## What you have to do
Give back exactly the lines from the beginning of the listing below to the line holding "Climatisation glyphe icons", both ends included; the pictures stay out.

══ Source material

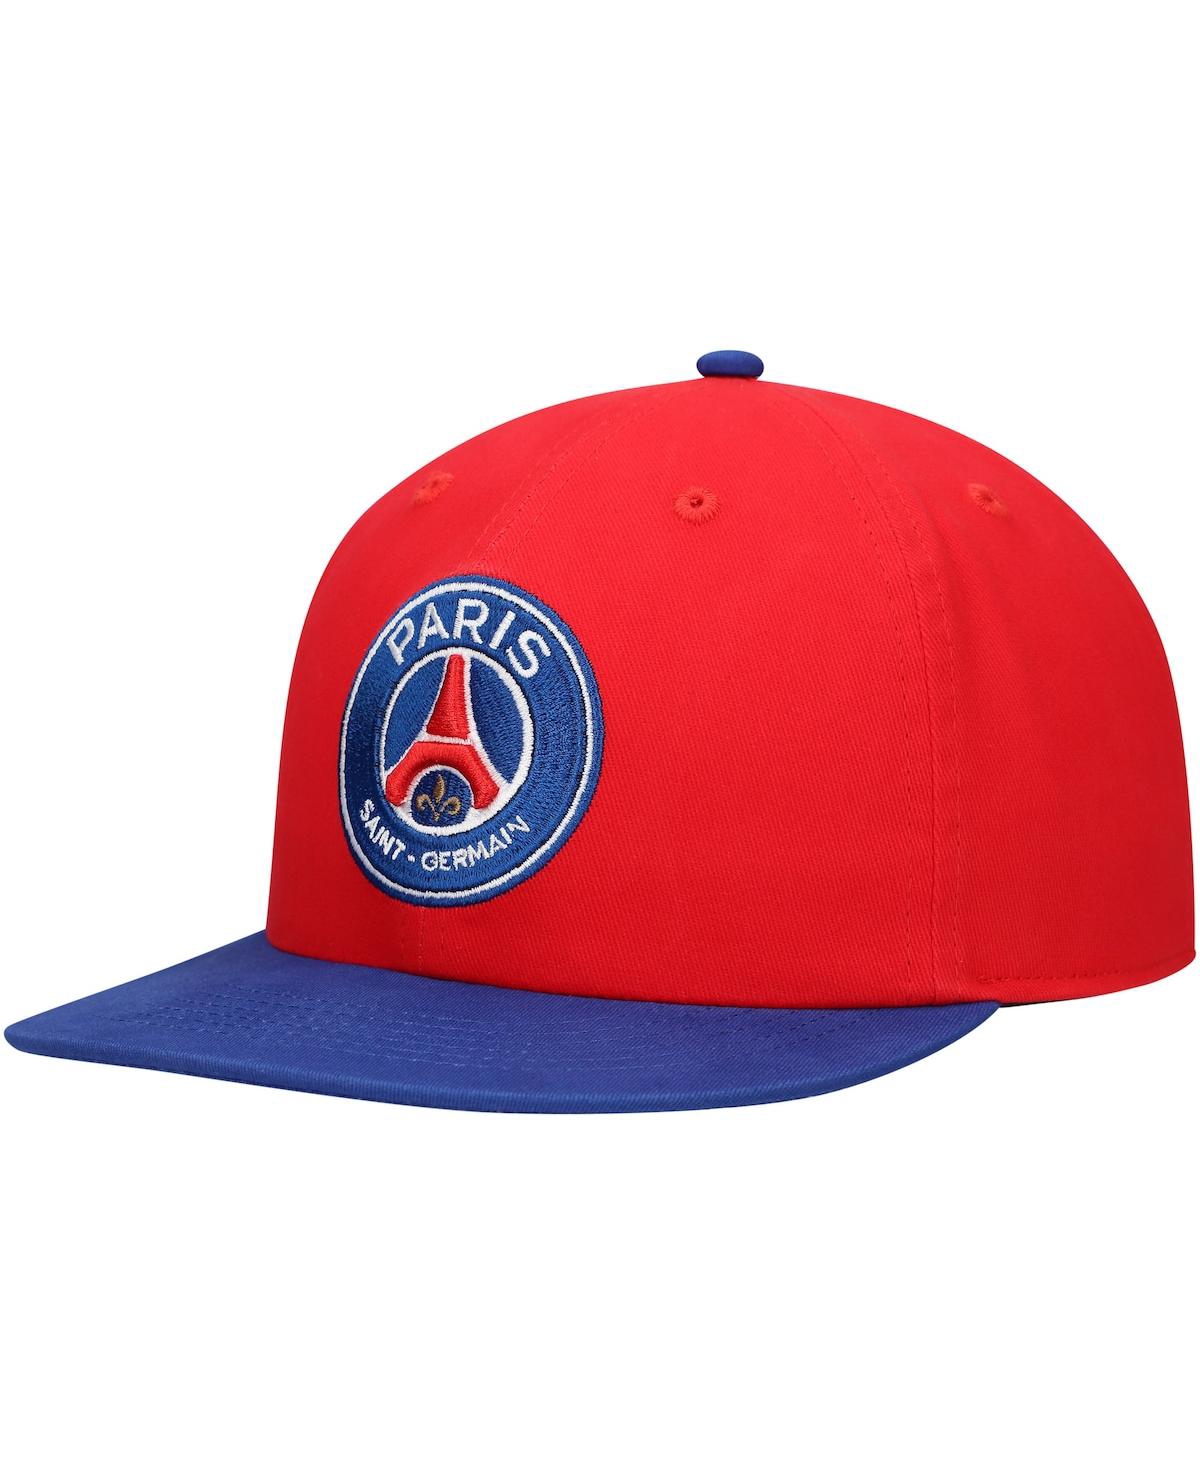 Men's Red Paris Saint-Germain Swingman Snapback Hat - Red
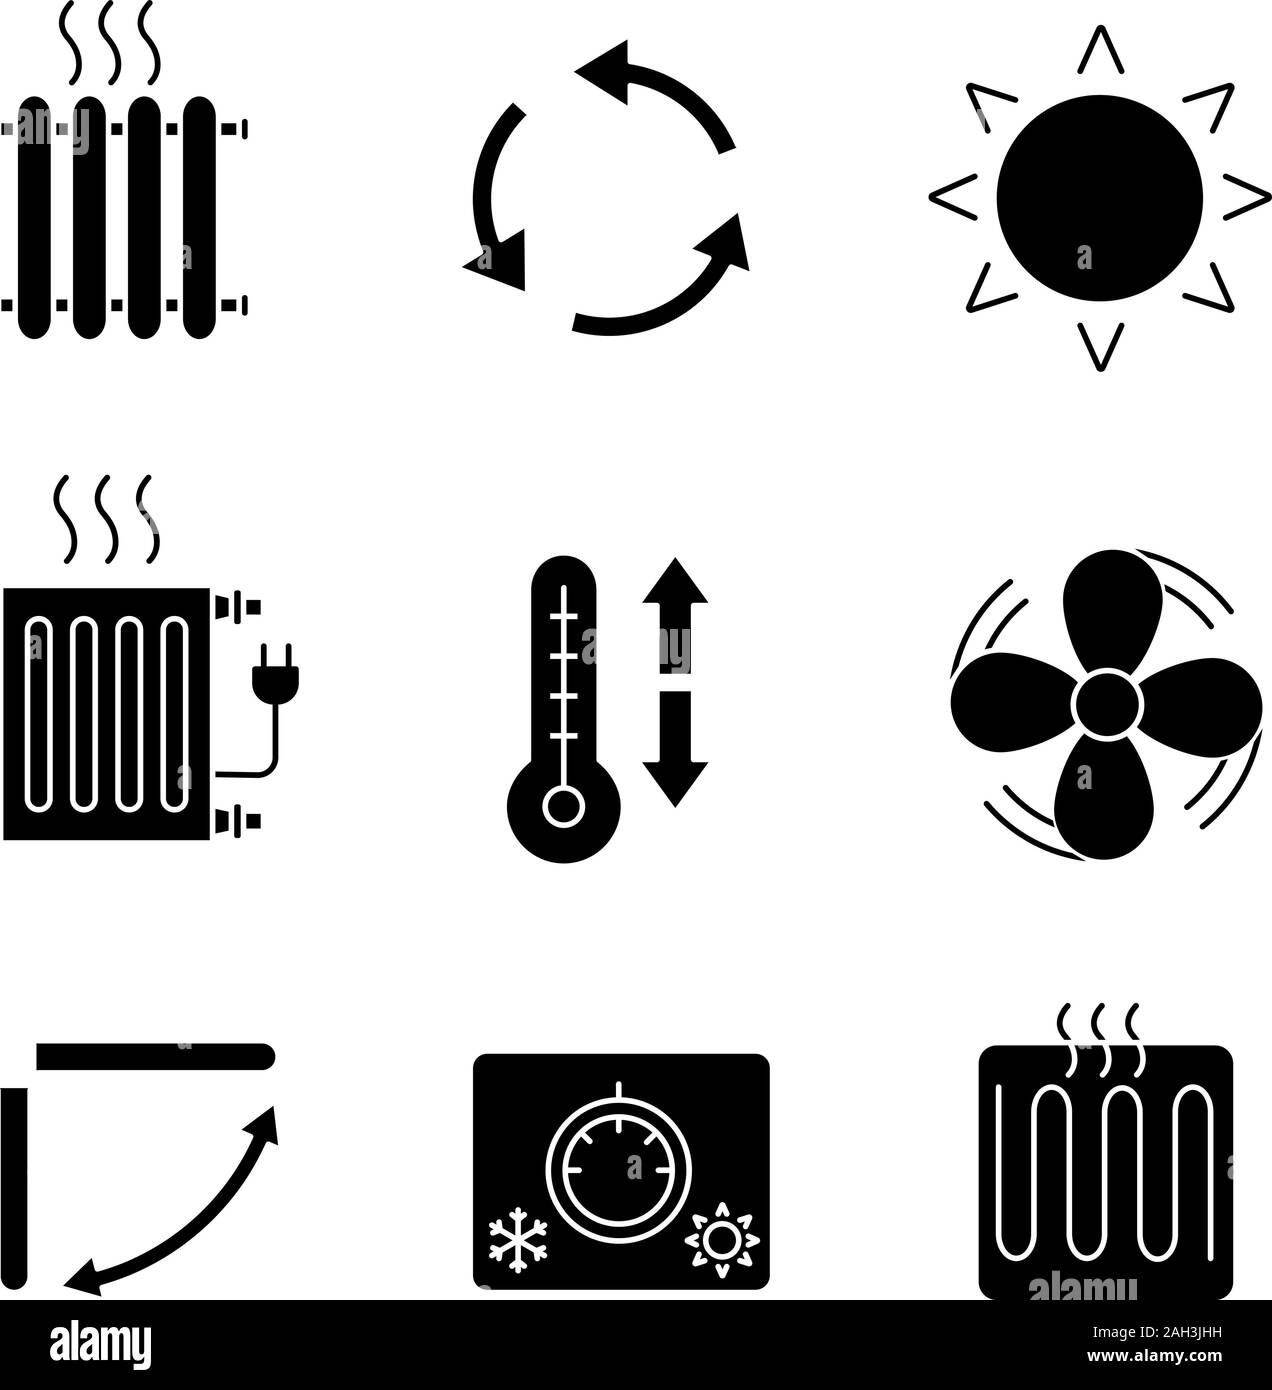 Climatisation glyphe icons set. Radiateurs, ventilation, soleil,  climatisation réglable, ventilateur d'échappement, revitalisant louvre,  thermostat, élément de chauffage. Silhouet Image Vectorielle Stock - Alamy
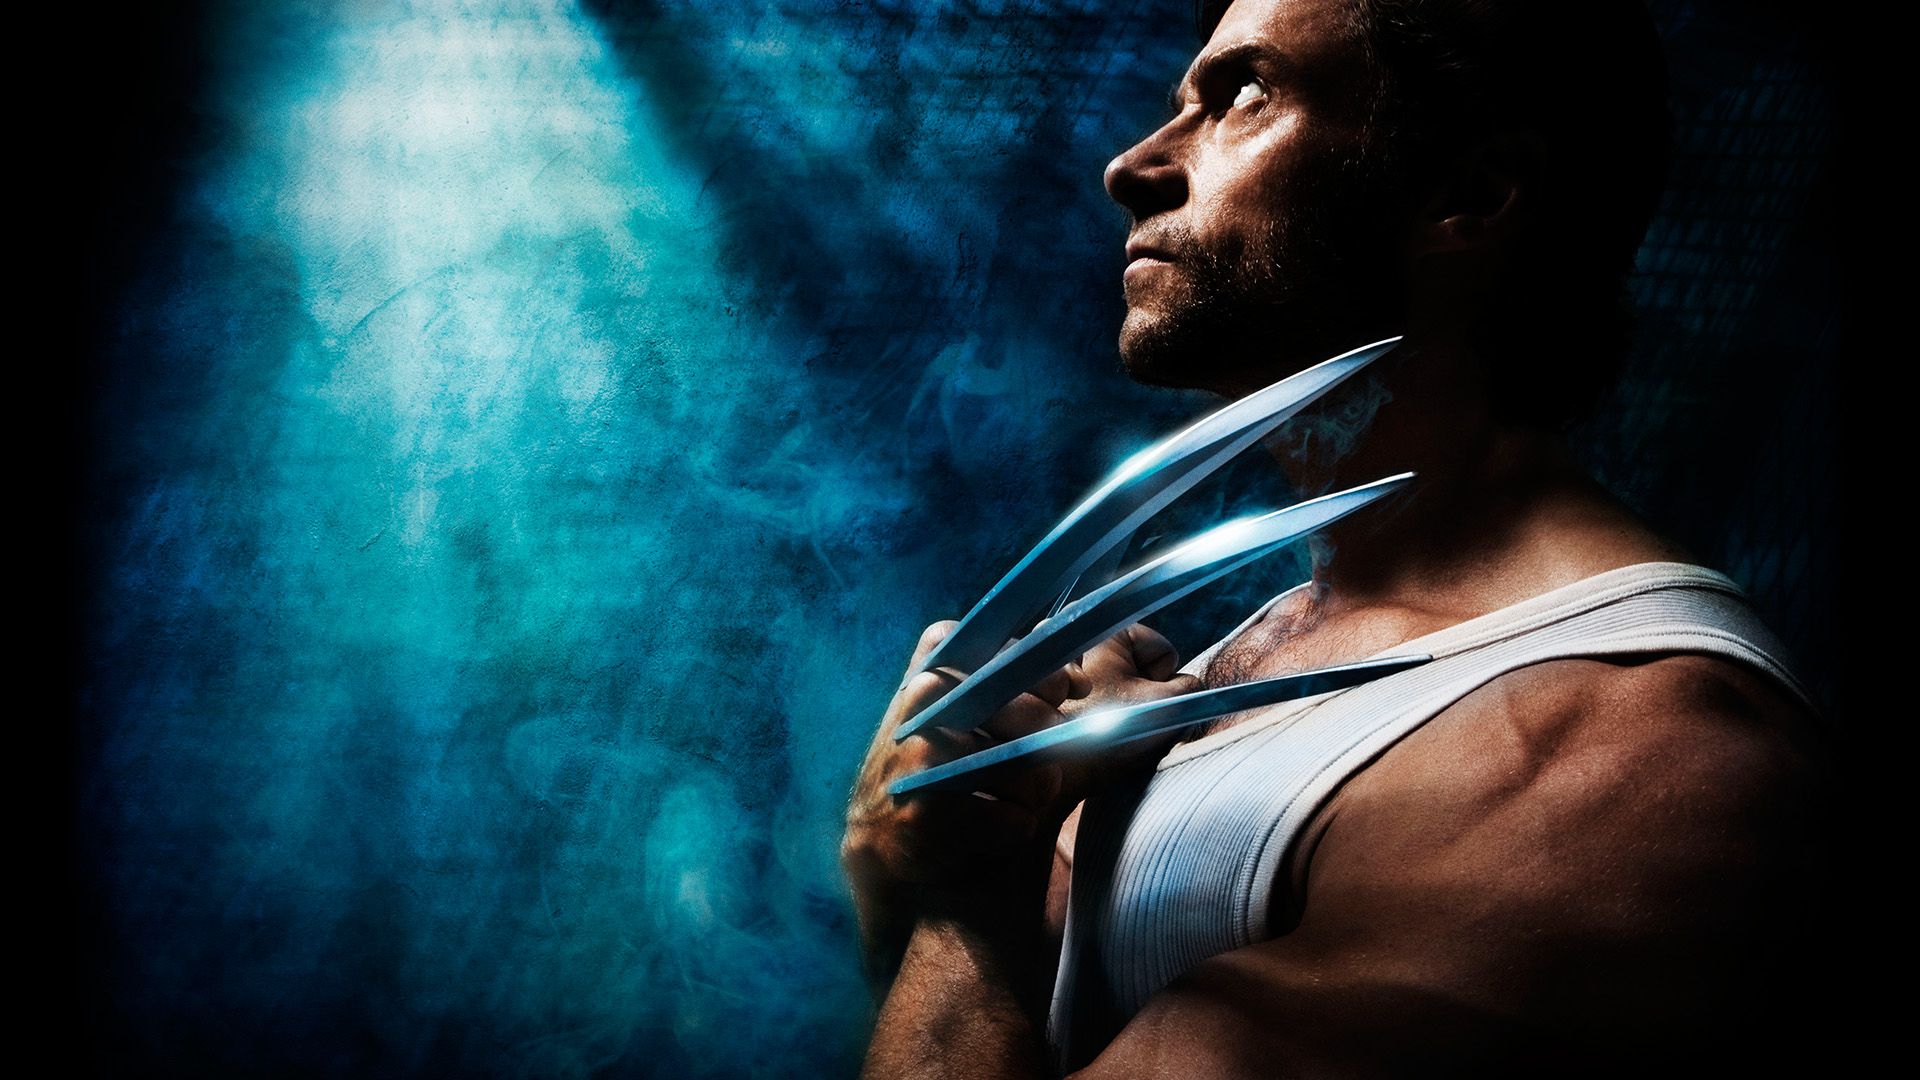 X-Men Origins: Wolverine background

════

## Expected output
 Men's Red Paris Saint-Germain Swingman Snapback Hat - Red
 Climatisation glyphe icons set. Radiateurs, ventilation, soleil,  climatisation réglable, ventilateur d'échappement, revitalisant louvre,  thermostat, élément de chauffage. Silhouet Image Vectorielle Stock - Alamy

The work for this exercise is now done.